# Homework Help: Help w/ 1 more limit

1. Dec 16, 2004

### SomeRandomGuy

lim as x approaches 0 from the right of x^(tan(x))

I took the ln and got tan(x)ln(x), then made it ln(x)/(1/tan(x)) which = ln(x)/(cot(x)) and I could use L' Hospital's rule. I got (1/x)/(csc^2(x)) and made that (1/x)/(1/sin^2(x)). I then made that sin^2(x)/x and used L' Hospital's rule again to get the lim as x approaches 0 from the right of 2cos(x) which = 2. Am I right or wrong? :/

2. Dec 16, 2004

### Hurkyl

Staff Emeritus
You've made at least one mistake.

3. Dec 16, 2004

### Hurkyl

Staff Emeritus
0^0 is not 1. :tongue2: It's an indeterminate form.

4. Dec 16, 2004

### Euclid

Write $$L=\lim_{x\rightarrow 0} x^{\tan x}$$.
Then $$\log L =\lim_{x\rightarrow 0} \tan x\log x = \lim_{x\rightarrow 0} \frac{\tan x}{\log x}= 0$$
So L = e^0 = 1. There is no use for L'Hopitals rule here.

5. Dec 16, 2004

### Cantari

0/0 is another indeterminate form.
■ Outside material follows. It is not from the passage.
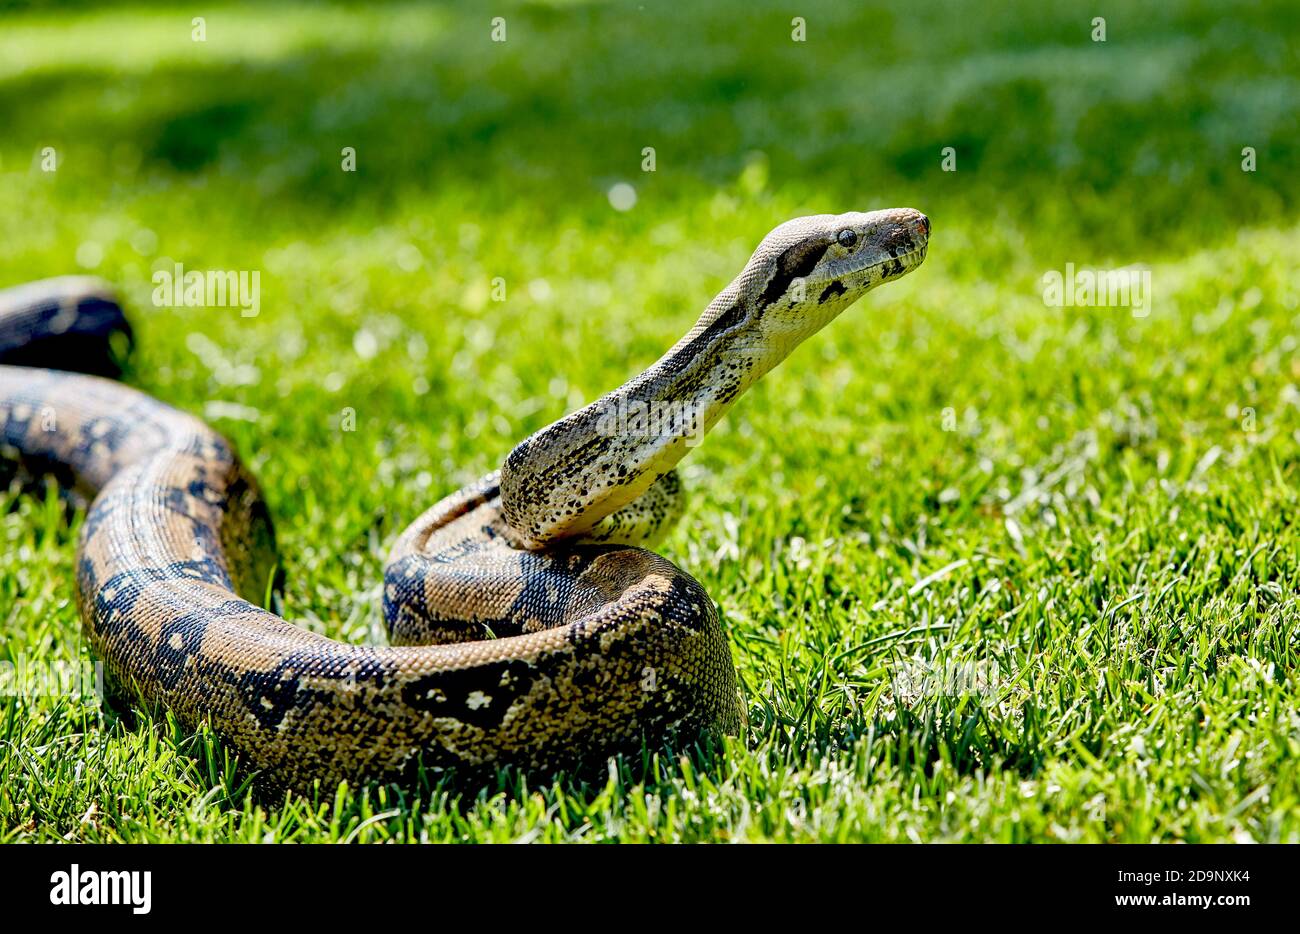 Gros plan de la tête du boa constricteur non venimeux serpent dans l'herbe Banque D'Images

When you took the derivative of sin^2 x, you messed up (as well as forgot a negative sign which doesnt effect it). So instead of your top going to 2 it should go to 0.

Last edited: Dec 16, 2004
6. Dec 16, 2004

### dextercioby

U've written something wrong.
Limit and logaritm commute.Use this property to show that:
$$\lim_{x\rightarrow 0} \ln(x^{\tan x}) = \lim_{x\rightarrow 0}\tan x\ln x$$

I hope u can show that the logaritm of the limit is zero,and hence the initial limit is 1.

Daniel.

7. Dec 16, 2004

### dextercioby

Not to perform any differentiations on the sine squared use this trick
$$\lim_{x \rightarrow 0} \frac{\sin x}{x} =1$$.

Daniel.

8. Dec 16, 2004

### Cantari

Also I am not sure that you know that when you take the ln of this, you need to take the ln of the other side of the equals sign. So just assume that it equals y, then the answer is ln y = 0, which would be 1.

9. Dec 16, 2004

### dextercioby

Which other side??Of course u apply logarithm on the both sides of the equation:
$$\lim_{x\rightarrow 0} x^{\tan x} = L$$
,where L is the limit and is the unknown.When u take logarithm,u should be stating:
$$\ln L=...=0$$
,from where u get your result...

Daniel.

10. Dec 16, 2004

### Cantari

... my comment was directed to the original poster as he said he got an answer of 2 and assumed that was the final answer. Which would not be the case even if 2 was what the right side came out to be due to the fact he took the log of the problem in the first step.